Гришу Баркана я знал, хотя и не лично, а со стороны. Баркан был военный фельдшер из репатриантов, поставленный на работу в больницу год назад и работавший в туберкулезном отделении. Этого Гришу не очень хвалили товарищи, но я приучен мало обращать внимания на разговоры об осведомителях и стукачах. Слишком я бессилен перед этой высшей властью природы. Но случилось так, что мы выпускали стенгазету к какой-то праздничной годовщине, а членом редколлегии была жена нашего нового уполномоченного Бакланова. Я ее ждал у кабинета мужа, пришел, чтобы получить от нее цензурованные заметки, и на стук услышал голос: «Войдите!» И вошел.
Жена уполномоченного сидела на диване, а сам Бакланов проводил очную ставку.
— Вот вы, Баркан, пишете в своем заявлении, что Савельев, фельдшер (тот был вызван сюда же), что Савельев ругал советскую власть, восхвалял фашистов. Где это было? На больничной койке. А какая была у Савельева в это время температура? Может быть, у него был бред. Возьмите ваше заявление.
Вот так я узнал, что Баркан стукач. Сам же Бакланов — единственный уполномоченный за всю мою лагерную жизнь — производил впечатление не настоящего следователя, был не чекистом, конечно. Он приехал на Колыму прямо с фронта, в лагерях не работал никогда. И не научился. Ни Бакланову, ни его жене работа на Колыме не понравилась. Отбыв свой срок выслуги, оба вернулись на материк и живут уже много лет в Киеве. Сам Бакланов из Львова.

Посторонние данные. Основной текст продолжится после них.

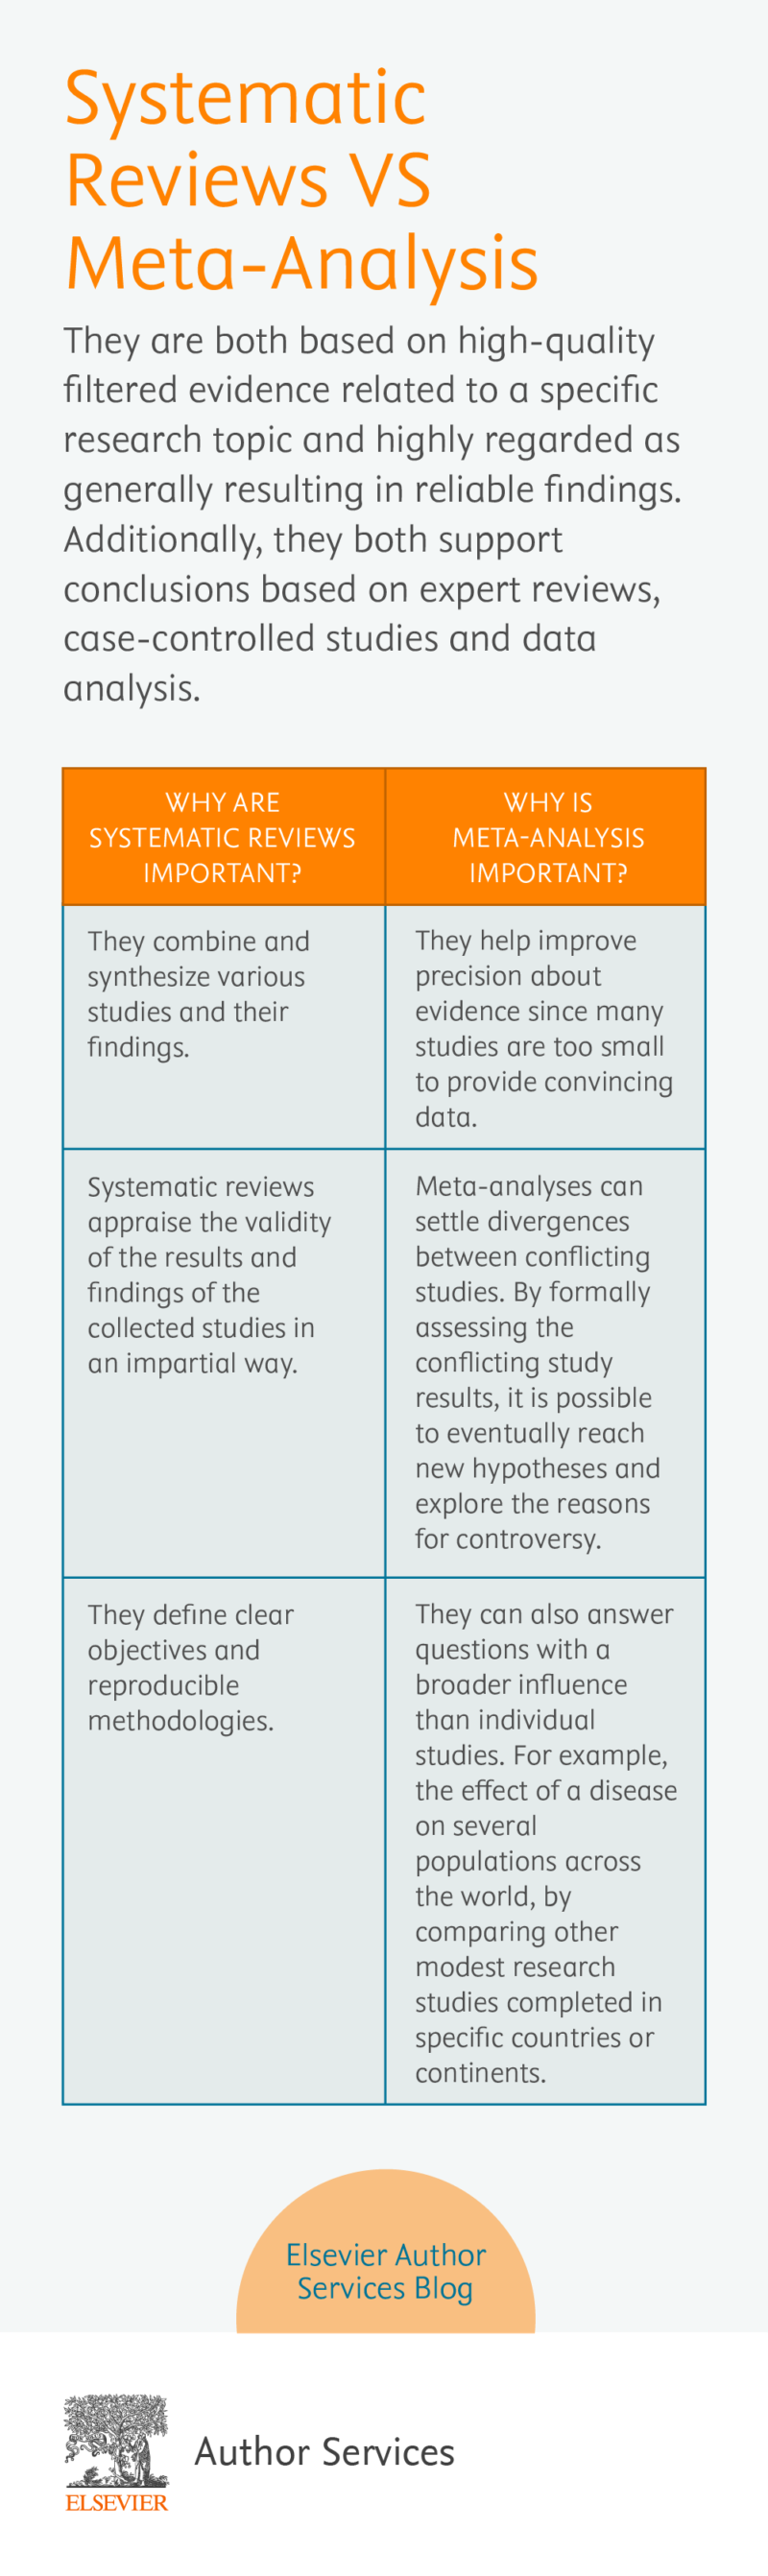 Systematic Reviews VS Meta-Analysis

Фельдшер жил в отдельной избушке, половина ее амбулатория. Избушка примыкала к бане. Более десяти лет я не оставался один ни ночью, ни днем и всем своим существом ощутил это счастье, да еще пропитанное тонким запахом зеленых лиственниц, несчетных, бурно цветущих трав. Горностай пробежал по последнему снегу, медведи прошли, поднявшись из берлог, сотрясая деревья… Здесь я начал писать стихи. Эти тетради мои сохранились. Грубая желтая бумага… Часть тетрадок — из оберточной, белой, лучшего качества. Эту бумагу, два или три рулона прекраснейшей бумаги в мире, мне подарил стукач Гриша Баркан. У него вся амбулатория была заставлена такими рулонами, откуда он взял и куда увез — не знаю. В больнице он работал недолго, перевелся на соседний прииск, но в больнице бывал часто, уезжал на попутках.
Щеголь, красавец Гриша Баркан вздумал проехать на бочках стоя, чтобы не пачкать о бензин хромовых своих сапог и синих вольных брюк. Кабина была занята. Водитель разрешил сесть в кузов на эти десять километров, но на подъеме тряхнуло, Баркан вылетел на шоссе и расколол череп о камни. Я видел его тело в морге. Смерть Баркана — единственный, кажется, случай вмешательства рока не на стороне стукачей.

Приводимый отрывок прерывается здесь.